I helpfully slid down the page of the programme that explained the movements of Allegro, Troppo and so many other plot parts who were looking forward to play with beauty enough, pace, tones and thrill. Holding tension, finding unison and blessing the room in abundance of drama, exploration and well being (hope). Quietly they were all pulling back to find the joy in loudly letting loose.

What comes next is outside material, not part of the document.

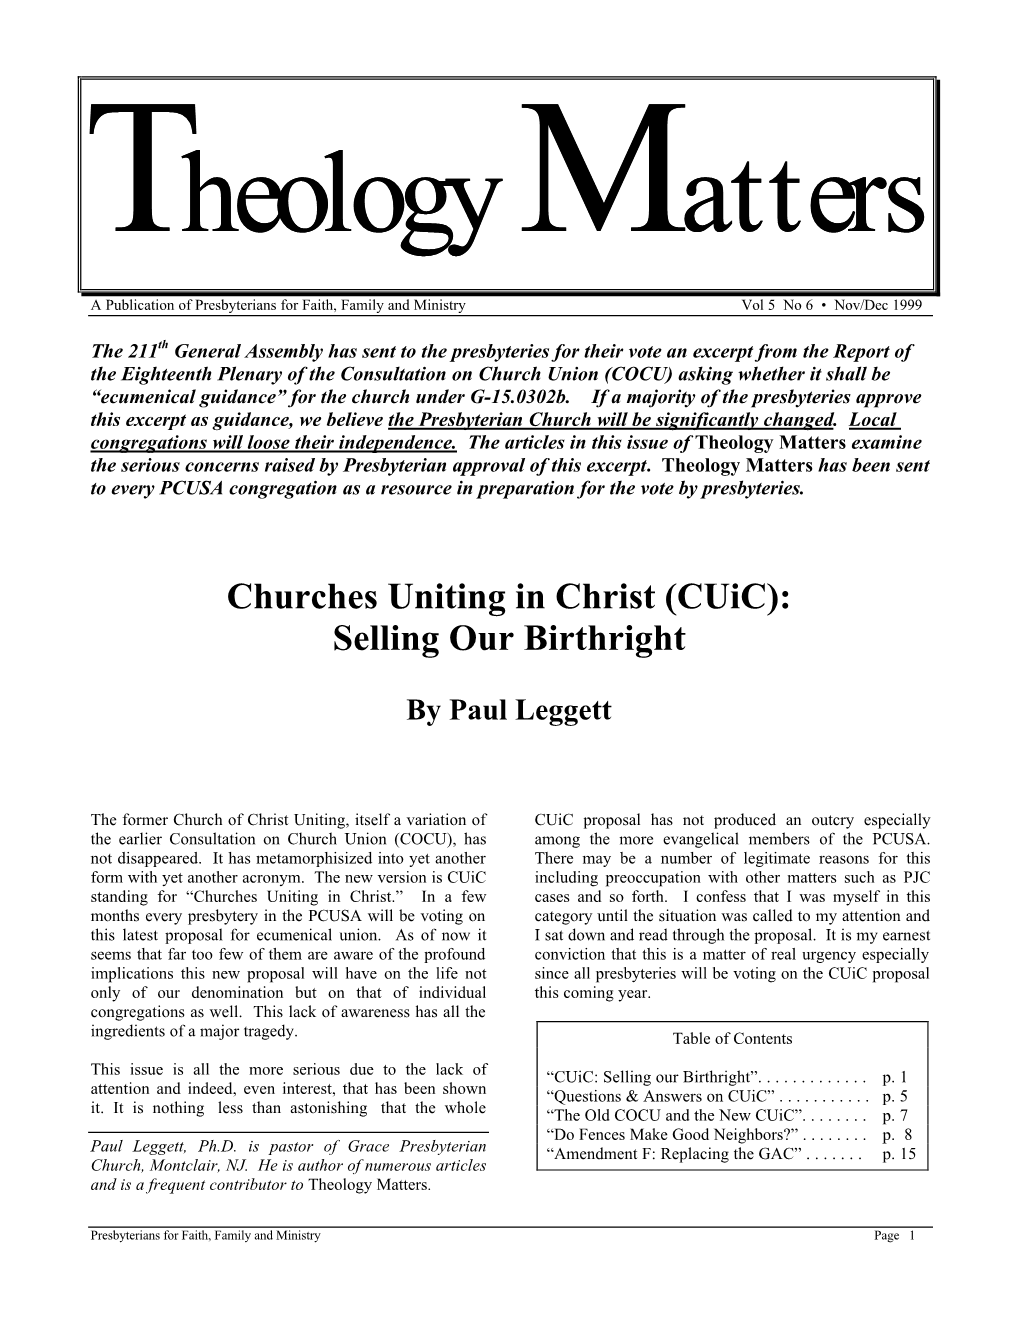 Churches Uniting in Christ (Cuic): Selling Our Birthright

The accolades melted out of his composition, faithfully played so long after his life. In music we call praise worthy, in brilliant intense intimacy enhanced by the size of the room. A simple act of purchasing a ticket that holds an invitation worthwhile accepting for all the reasons you can imagine, to enjoy the profundity of music told as a story that placed itself far beyond in thought or very near to something growing roots in you and in your head and heart and to part of this ever so professional entourage of three, whether you see this particular composer or another.

Daniel Donnelly

One thought on “Brahms Piano Trio”

  1. Daniel, while I don’t understand everything, your personal, touching response to our evening of music makes me very happy. Thank you for attending, for understanding the point of it all and for sharing your own response in such an honest and though-provoking review.